According to Jose Yulo Jr., president of the Chamber of Commerce of the Philippine Islands, the oldest business chamber in the Philippines, Aquino deserves a perfect score for his efforts to instill honesty in government.
“Cleansing the corrupted judiciary branch by impeaching the Chief Justice is a major start but there is a need for constant follow through [for efforts] to be truly effective,” said Yulo.
“The economy has responded with a high gross domestic product growth of over 6 percent in the first quarter; and we are now being talked about as an area for investments and economic activity. But improper infrastructure will block the potential for progress,” Yulo added.
Rex C. Drilon II, president of the Institute of Corporate Directors, also gives President Aquino a high mark of eight out of a possible 10.
Drilon said that it is correct for Aquino to focus his attention on ridding the government of corruption.

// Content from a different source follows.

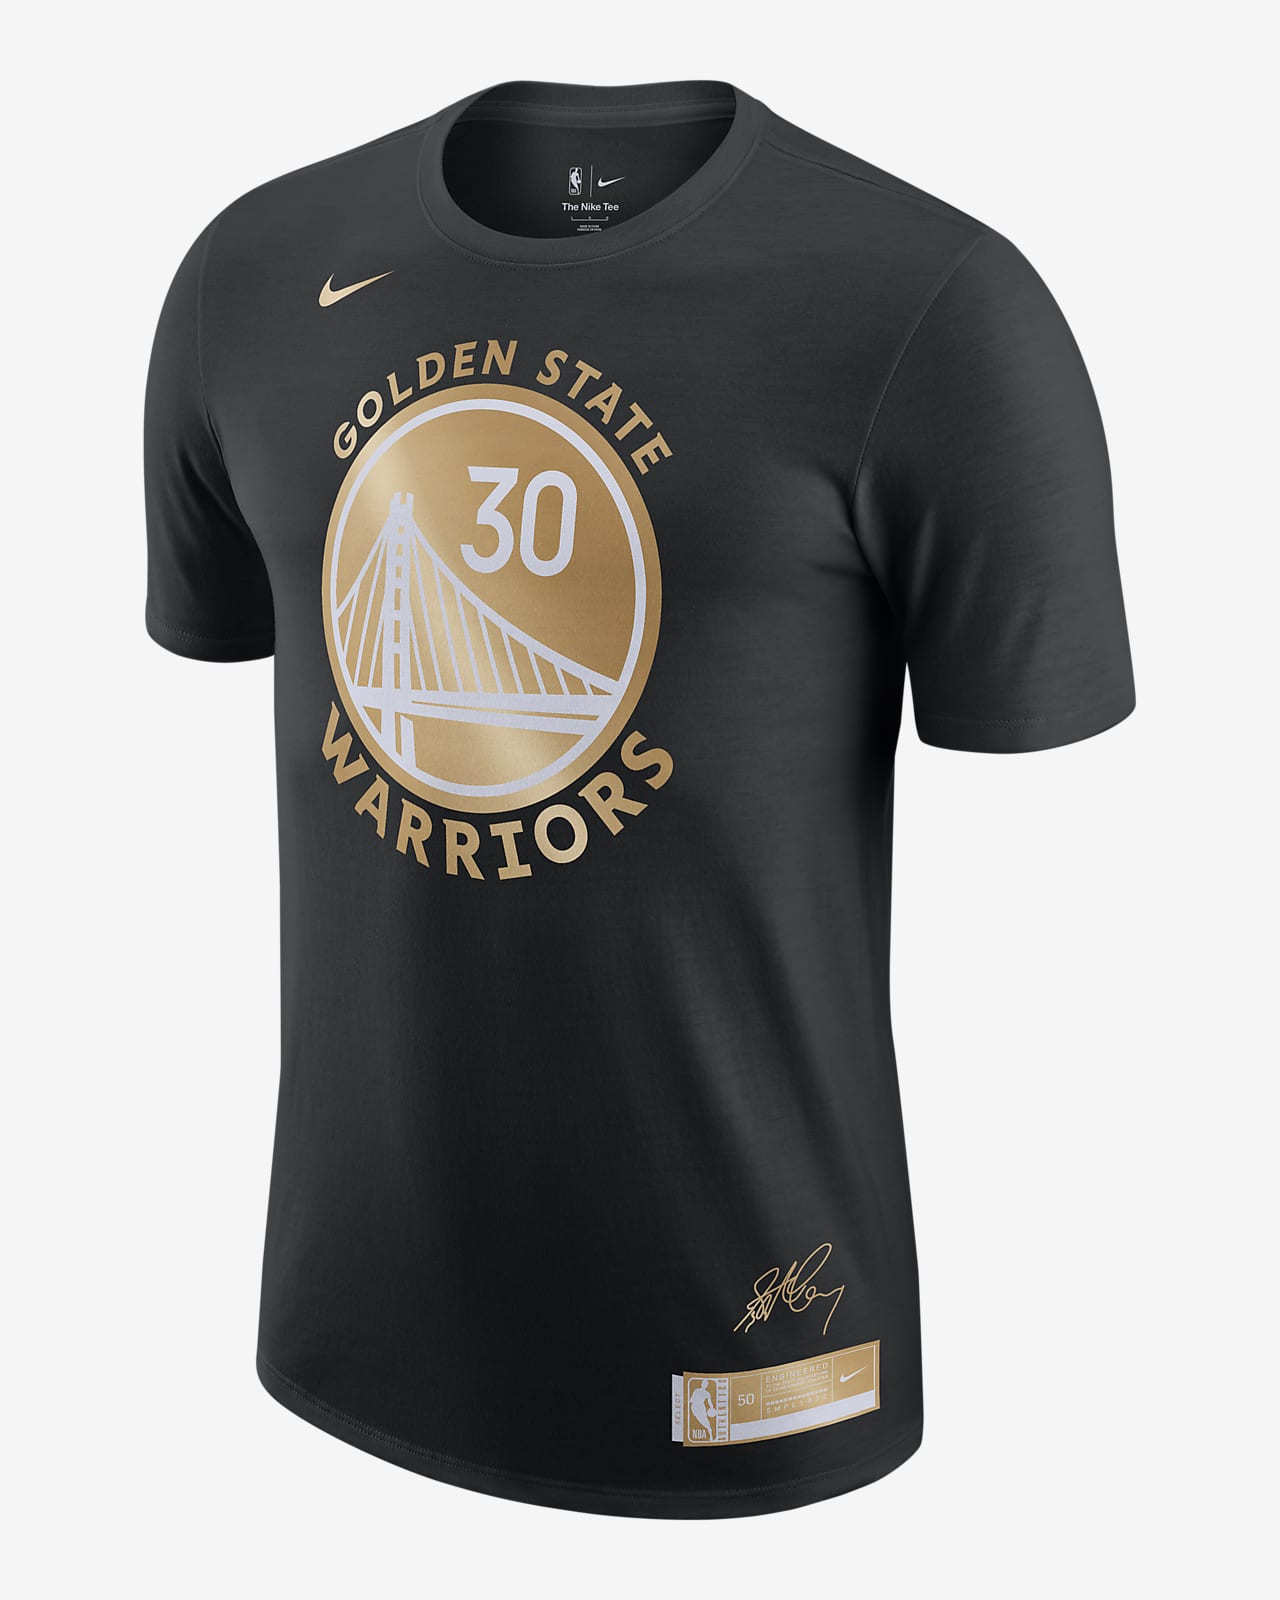 Playera Nike de la NBA para hombre Stephen Curry Select Series

“There is correct focus on corruption and poverty and the value of good governance,” he added.
Judith V. Lopez, chairperson and senior partner of Isla Lipana & Co., a member firm of PricewaterhouseCoopers, agrees that the current administration is doing well so far.
“This is supported by the impressive first-quarter growth; the country’s upgraded credit rating coupled with the increased appetite for foreign portfolio investments; and significant increase in foreign reserves resulting in a stronger peso performance. We also see continued investments in tourism and the business process outsourcing industry and a boost in the real estate market to address demand for office space and world-class accommodations,” said Lopez.
“He has built a solid foundation for boosting the economy. He should also be credited for his anticorruption campaign, which encourages transparency and fair dealing in government transactions,” Lopez added.
Evelyn Singson, president of Philippine Hoteliers Inc., meanwhile, gave Aquino a “high pass” because of improvements in the economy and increased business confidence.
But all of them say that much more needs to be done for the Philippines to achieve its full potential.
Lopez said President Aquino can improve by continuing support for small and medium-scale enterprises and the tourism sector, and pushing for more public-private partnership projects to be bid out this year.
“Private sector investments are the key to the success of the PPP. I hope this picks up its pace,” Lopez said.
Drilon, meanwhile, recommended that Aquino get rid of the “nonperformers” and “lightweights” in government who are not really contributing to the administration’s efforts to achieve sustained economic growth.
“[There is also a need] to address the potential economic landmines in legislation and articulate his road map for the country in simpler terms that people can relate to,” said Drilon.
Yulo also spoke of the need to better articulate the campaign against corruption.
“The country’s CEO must have a vision and a goal of the future that is clearly understood and embraced by the citizens. P-Noy (Aquino) has made anticorruption as his vision/goal; sadly this is not articulated well enough for the people to understand that from a corruption-free honest and efficient government, progress will naturally flow. The people must be made to understand this and to support it as they go about their daily lives,” said Yulo.
Singson, meanwhile, urged the government to increase spending.
“Perhaps the gains in the economy have not yet trickled down to noticeably alleviate poverty. But if we accelerate spending, the gains will begin to make a difference in the lives of many,” she said.